Are we winning yet? No, actually we’re failing Connecticut’s children.
Oct 17
Bridgeport, Connecticut State Government, Hartford, Malloy, New Haven, Poverty, State Budget 37 Comments
You want a campaign issue for the 2012 election? Here is one…
A recent report by Connecticut Voices for Child, the state’s premier research and child advocacy organization, revealed that the number of Connecticut residents living below the Federal Poverty Level has increased from 10.1 percent in 2010 to 10.9 percent in 2011.
Connecticut is the wealthiest state in the country. If we were our own country, we would be one of the wealthiest countries in the world. Yet about 375,000 Connecticut residents, more than 1 in 10 live in abject poverty.
The extent of poverty is even greater among Connecticut’s children, and the situation is getting worse at a faster pace.
As of 2011, 118,809 Connecticut children, under the age of 18, lived in households with incomes below the Federal Poverty Level.

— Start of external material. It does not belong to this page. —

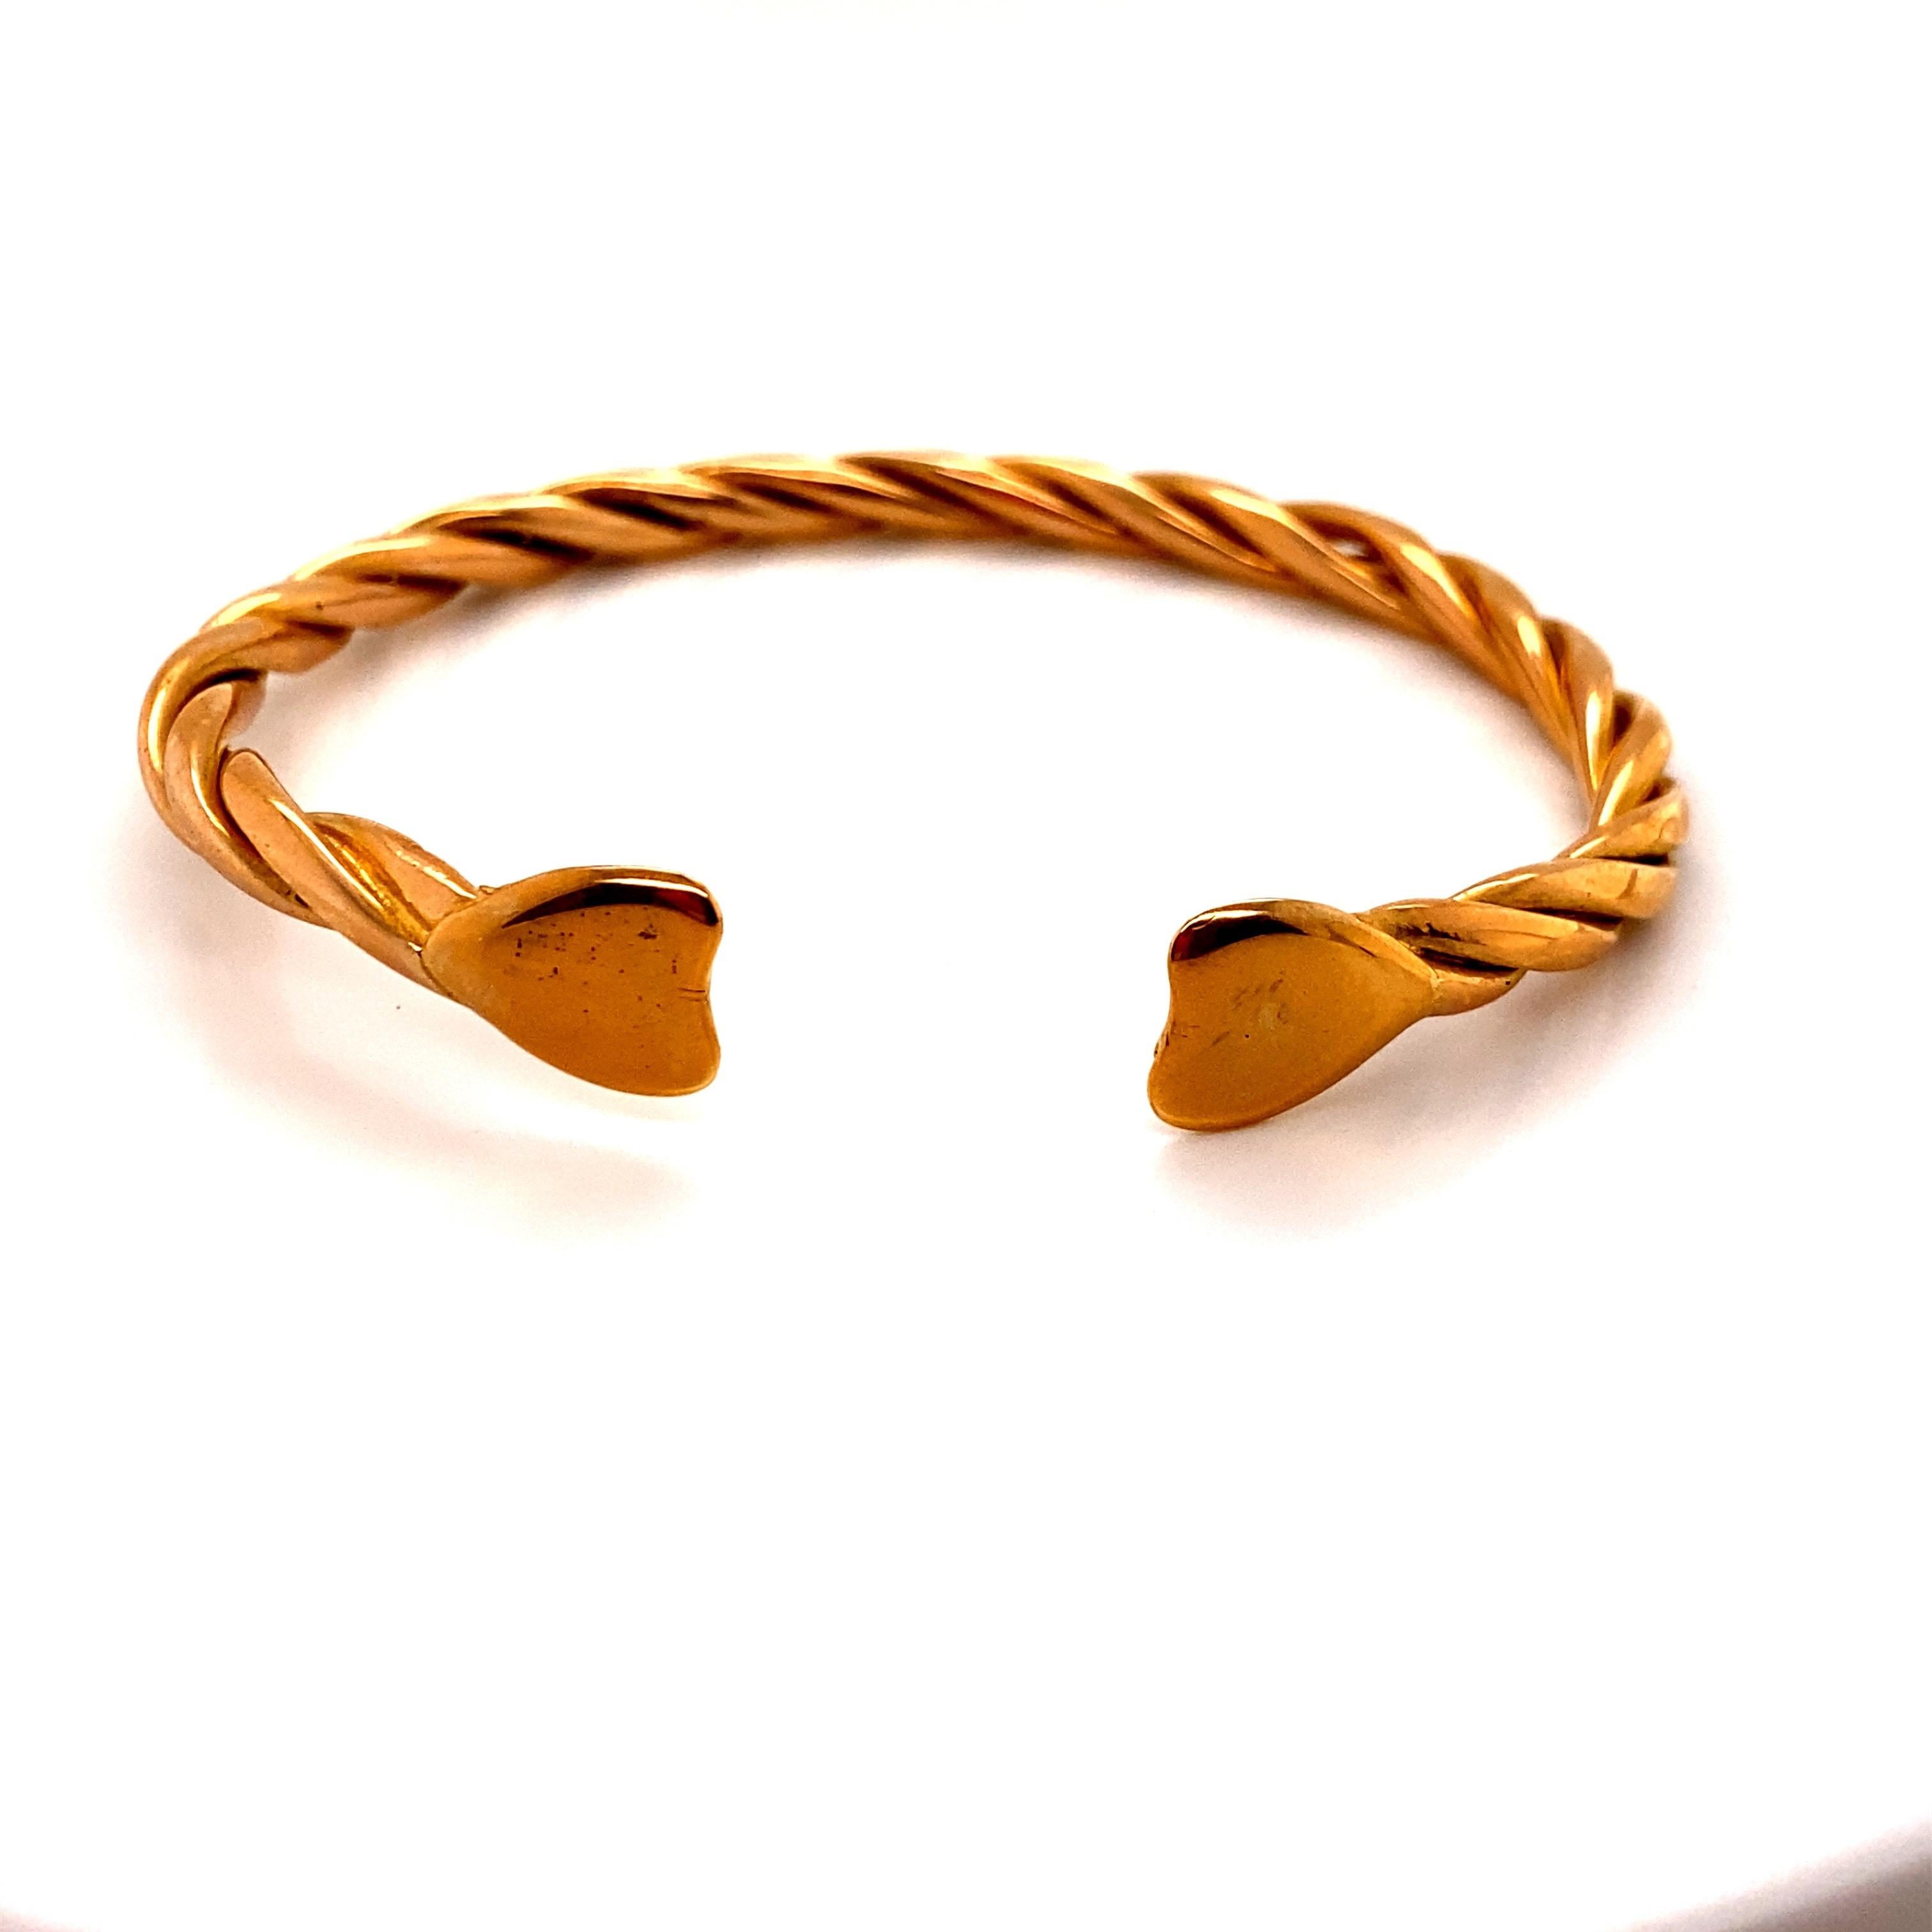 20K Yellow Gold Twist Cable Cuff Bangle Bracelet In Good Condition For Sale In Boston, MA

That is a breathtaking 14.9 percent of all children.
And we aren’t talking about people who simply don’t have that much money. We are talking about children and families that are among the poorest in the entire nation. The Federal Poverty Level for a two-parent household, with two children, is $22,811 a year.
The most shocking fact of all is that the rate of poverty in Connecticut is getting significantly worse.

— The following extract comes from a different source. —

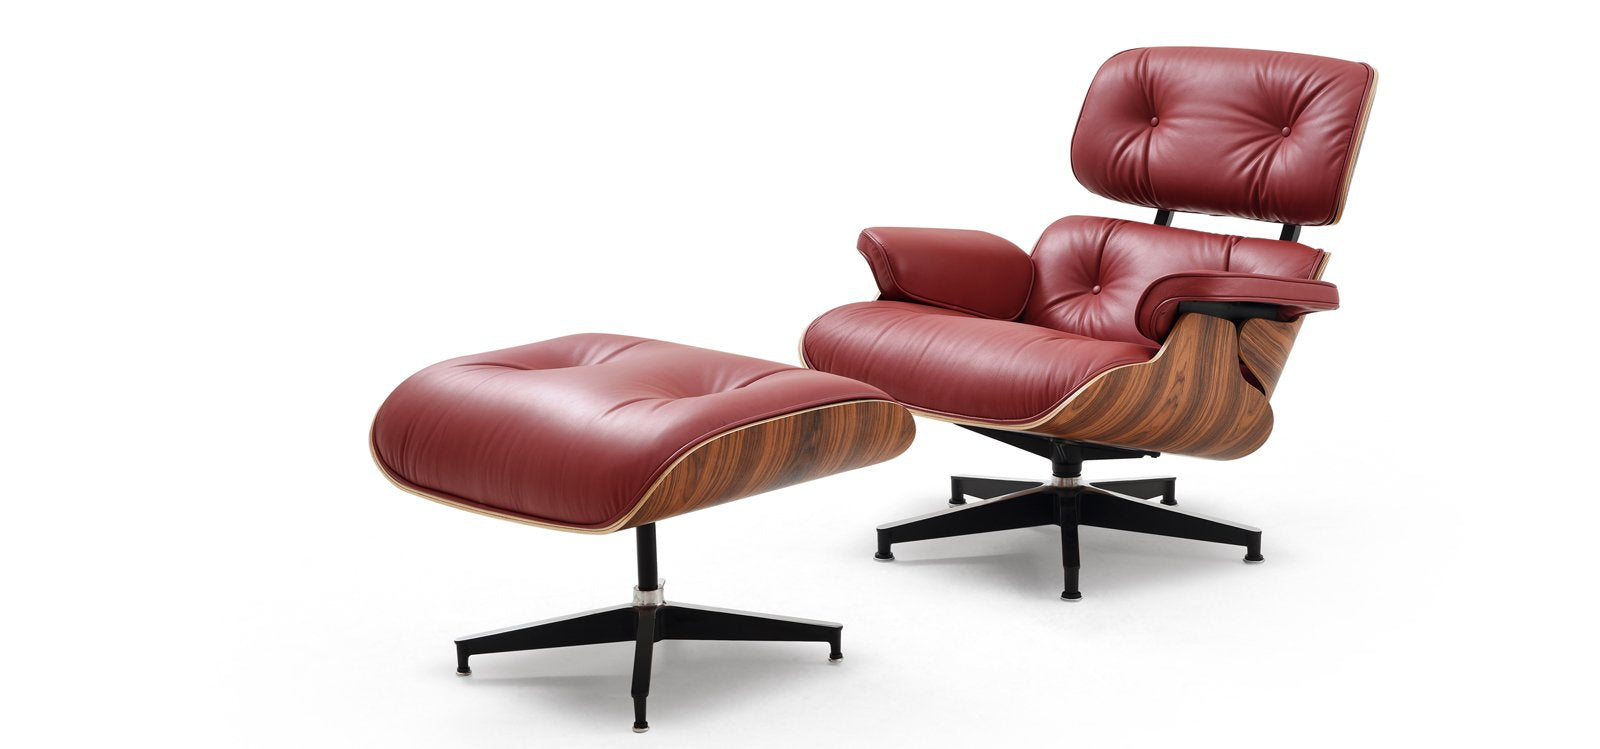 eames chair replica, best eames replica, tall eames replica, eames lounge chair replica, eames style chair, Mid-century eames modern replica, Eames-inspired furniture, Eames replica furniture, Affordable Eames reproductions, Iconic design chair replicas

A decade ago, in 2001, 7.3 percent of Connecticut’s residents lived below the poverty line. That was about 242,000 people. Ten years later, in 2011, the number of residents living in poverty has increased to almost 378,000. That means the poverty rate in Connecticut has jumped from 7.9 percent to 10.9 percent.
The numbers are even more disturbing and disgusting when it comes to what has happened to our state’s children. In 2001, about 82,000 or 10.2 percent of Connecticut’s children lived in households below the poverty line.
In 2011, that number had increased to almost 119,000, a stunning 14.9 percent of all children.
The number of children living in poverty in some of Connecticut’s cities rival that of some developing nations;
In Hartford, 47.9 percent of the children now grow up in households trying to make it on an income that places them below the federal poverty level.
In New Haven the child poverty rate is 41.4%, Bridgeport (39.9%), New Britain (35.7%), and Waterbury (34.5%). Danbury (17.9%) and Stamford (17.5%)
In 2004, the Connecticut General Assembly, and Connecticut’s Governor, created the Connecticut Child Poverty Council. Our state became the first state in the nation to set a goal of reducing poverty in half by 2014.
At the time, with just over 10 of Connecticut’s children living in poverty, the state pledged to reduce the child poverty rate to 5% by 2014.
However instead of cutting that rate in half, as of now, we have seen an increase of over 50 percent.
Next time you hear an elected official or a candidate talk about their record of accomplishments or their plan for the future, ask them explain how they rationalize the fact that child poverty is skyrocketing in our state and demand that they explain, in detail, what they will actually do to save Connecticut’s poorest and most vulnerable children.